Four: information extraction

  • NER (Named Entity Recognition, NER): from text identifying the named entities, including entities generally names (PER), names (the LOC), organization name (the ORG), time, date, currency, percentage and the like. There are also more specialized professional entities. https://arxiv.org/abs/1812.09449 article reviews the depth learning about the current method of NER research.
  • Relation extraction (Relationship Extraction): determining a type of relationship between two entities in the text.
  • The term extraction (Terminology / Giossary Extraction): identify terminology meet the requirements from the text.
  • Event extraction (Event Extraction): never text structure extracting structured event.
  • Disambiguation entity (Entity Disambiguation, ED): also known as semantic disambiguation, is designed for solving the ambiguity problem identical entity in the art.

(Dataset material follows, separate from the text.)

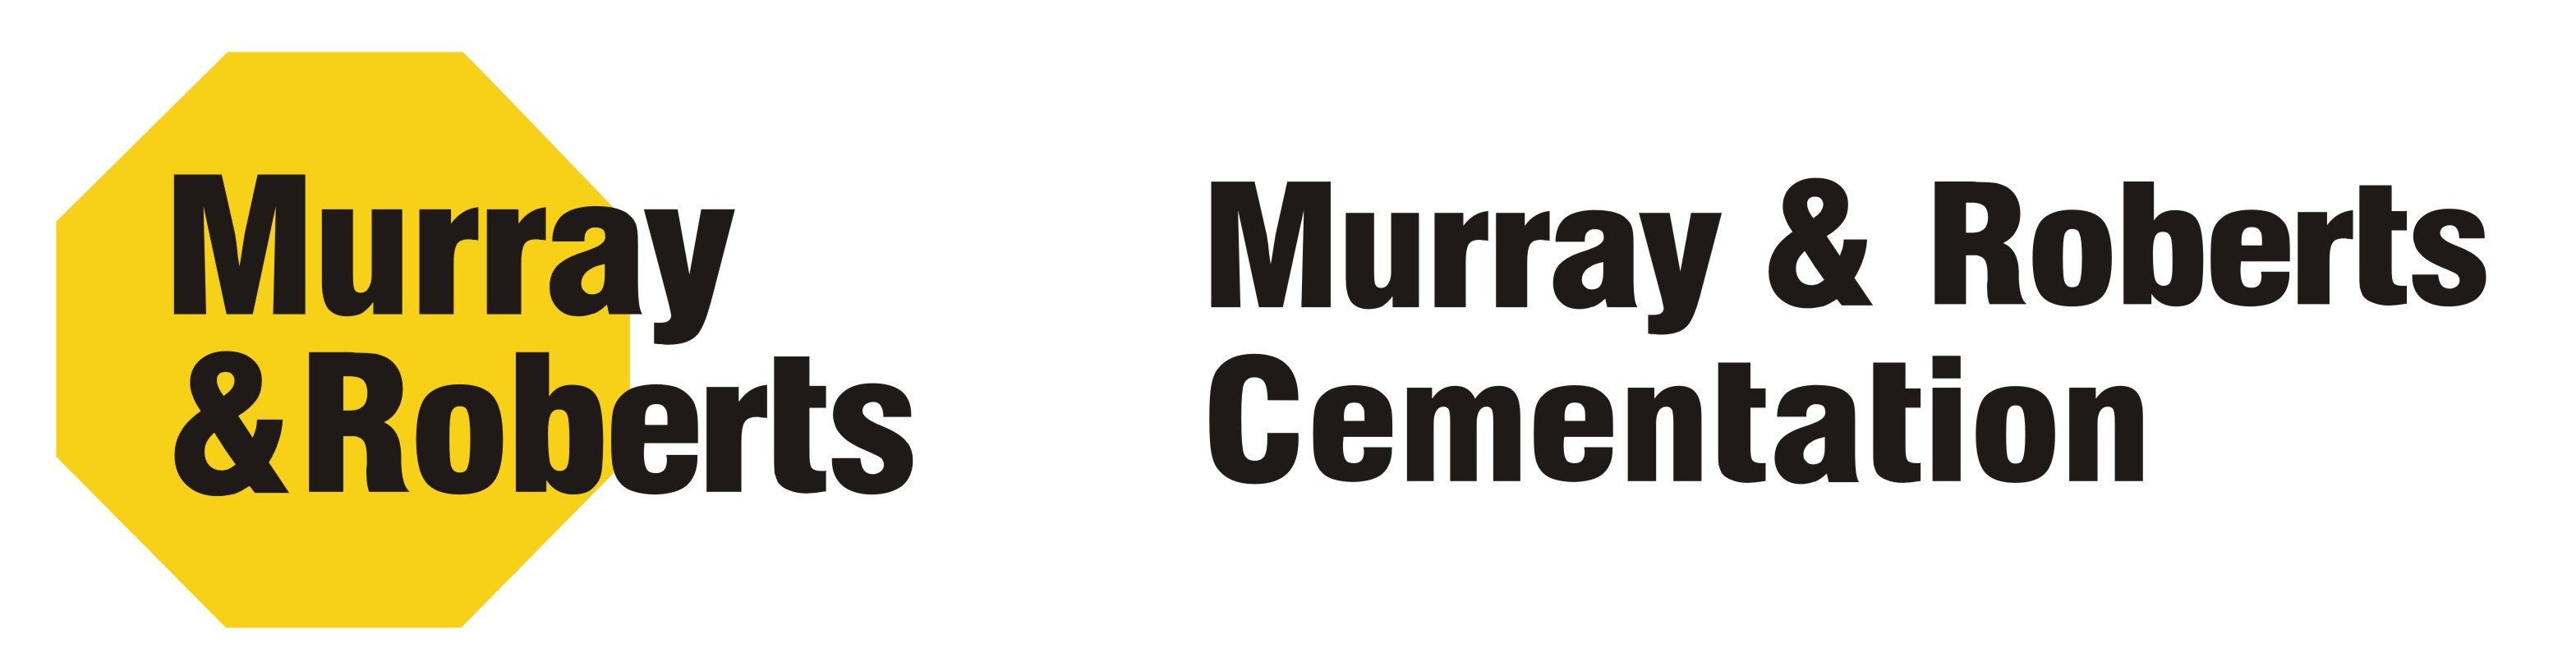 Murray & Roberts Cementation (Pty) Limited

In the actual locale, often encounter the problem of an entity name that corresponds to a plurality of named entity objects.
  • Align entity (Entity Alignment, EA): also known as the matching entity (Entity Matching), it refers to heterogeneous data sources for each entity in the knowledge base, find belong to the same entity in the real world.
  • Coreference resolution (Coreference Resolution): determining the equivalent description of the different entities, including nouns and pronouns digestion Digestion
  • Sentiment Analysis (Sentiment Analysis): the text inside the inherent subjectivity of emotions. For example the word 'I really like this movie', then this is a positive evaluation, 'I hate this film' then that is a negative evaluation to.
  • Intended to identify (Intent Detection): dialogue system is an important module for the user to analyze a given conversation, identify the user's intention.
  • Filling slots (Slot Filling): the dialogue is an important module in the system, from the conversations analyzed for useful information related to the user's intent.

Five: Top Task

  • Machine translation (Machine Translation, MT): two conversion of the language. Many models sequence2sequence deep learning inside, Transformer, Bert and other model is applied to a machine translation above.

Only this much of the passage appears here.